The land rose a little beyond the wall, giving Wexford a view of a pair of llamas grazing. He did a double take when he saw a Bambi-like creature, a miniature deer, nearby. He pulled the car onto the grass verge, thinking that he wouldn’t be surprised to see a leopard or even an elephant. But there was nothing like that, though he caught a glimpse of tall wire fences, like the kind enclosing a tennis court, in the distance. The roar he heard he decided he must have imagined. Driving on towards the house itself, there was less to be seen. Not Targo or his wife, that was too much to expect. But the white van he had seen in Glebe Road was parked on the gravel drive with a silver Mercedes beside it. The old vicarage looked as a dwelling only can when its owners are wealthy and able to spend money constantly on it. The brickwork had been repointed, the white trim recently repainted, the slate roof glossy and sleek, free of moss. There was no sound – but what sound could there be in this remote spot unless it might be a cry from some animal?

He moved the car along the road out of sight of Wymondham Lodge’s windows. It was a former home of Targo’s that he was thinking of, not the medium-sized detached place in Myringham where the kennels was, not old Mrs Targo’s cottage in Glebe Road from which he had made himself a stalker, but the little place in Jewel Road, Stowerton, not much more than a cottage itself, where he had started out. Very young but a married man with a child and another one on the way and, of course, a dog, a spaniel.

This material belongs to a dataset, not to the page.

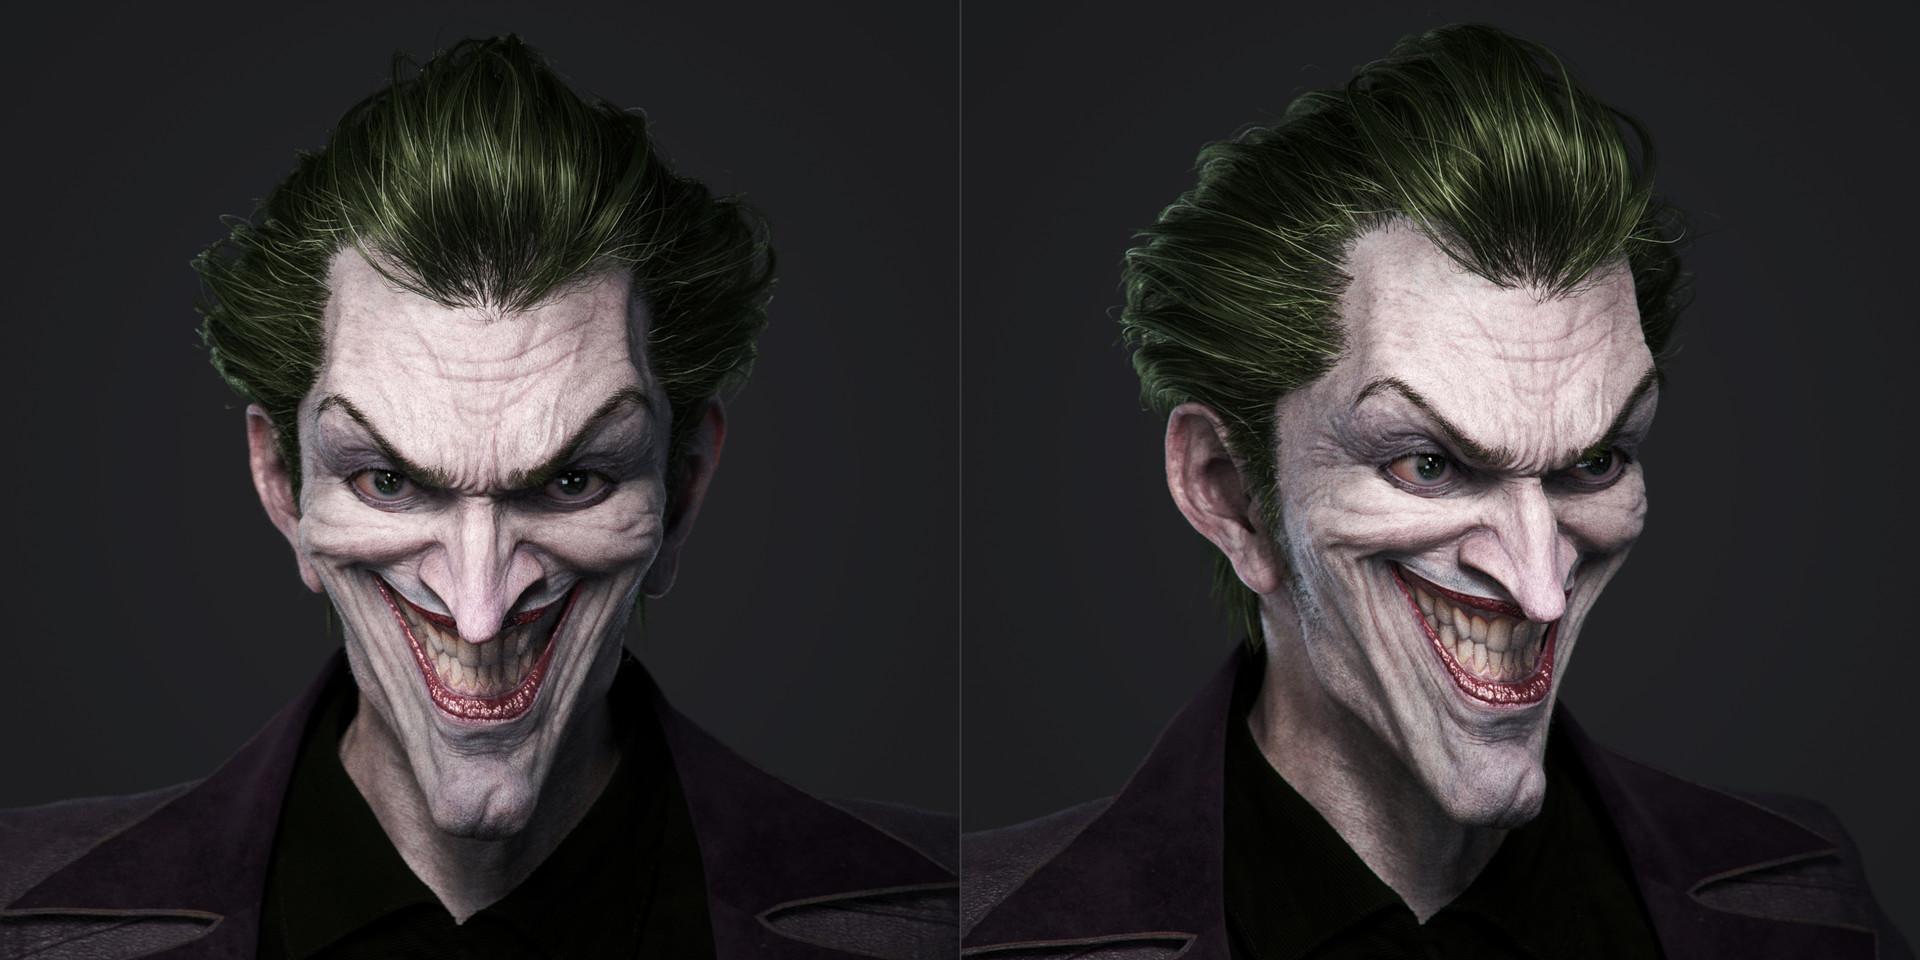 Duc phil nguyen joker angle 01a

Number 32 his had been and the Carrolls lived at 16. Wexford remembered perfectly now. They were all the same, those houses, a row of them, two tiny living rooms and a kitchen, two bedrooms upstairs. Some of them had a bathroom but most didn’t. The gardens were small rectangles with a gate at the end, opening into a lane where dustbins were put out and deliveries made. Everyone had coal and coke delivered in those days.

Elsie Carroll had been found dead in her bedroom one evening while her husband was out at his whist club. Did anyone play whist any more? The police had come, Wexford with them, a very young policeman then, excited and a bit overawed. He hadn’t seen the woman’s body, only seen it carried out, covered in a sheet, after the pathol o gist had been. Leaving the house later, sent home by Ventura when George Carroll, the husband, had been found, he had encountered Targo exercising his spaniel in the street. At midnight on a damp cold night. That had been his first sight, his very first, of the man who now lived in some grandeur behind those stone walls.

Of course he was wearing a scarf. A thick waterproof jacket, wellington boots and a scarf wound round his neck. The scarf had been brown wool with a lighter check pattern. The man looked at him, met his eyes, stared. He had the dog on a lead. While he stood still and stared, the dog was lifting its leg against a tree in the pavement. The stare was absurd, sinister, it went on so long. Wexford found himself making an impatient gesture, turned away towards the car which would take him home. Once he looked back and saw the man still there, still gazing at him. And he remembered saying to himself, that man, he did it. Whoever he is, he killed Elsie Carroll, and then he said, don’t be ridiculous, don’t talk – don’t even think – such nonsense.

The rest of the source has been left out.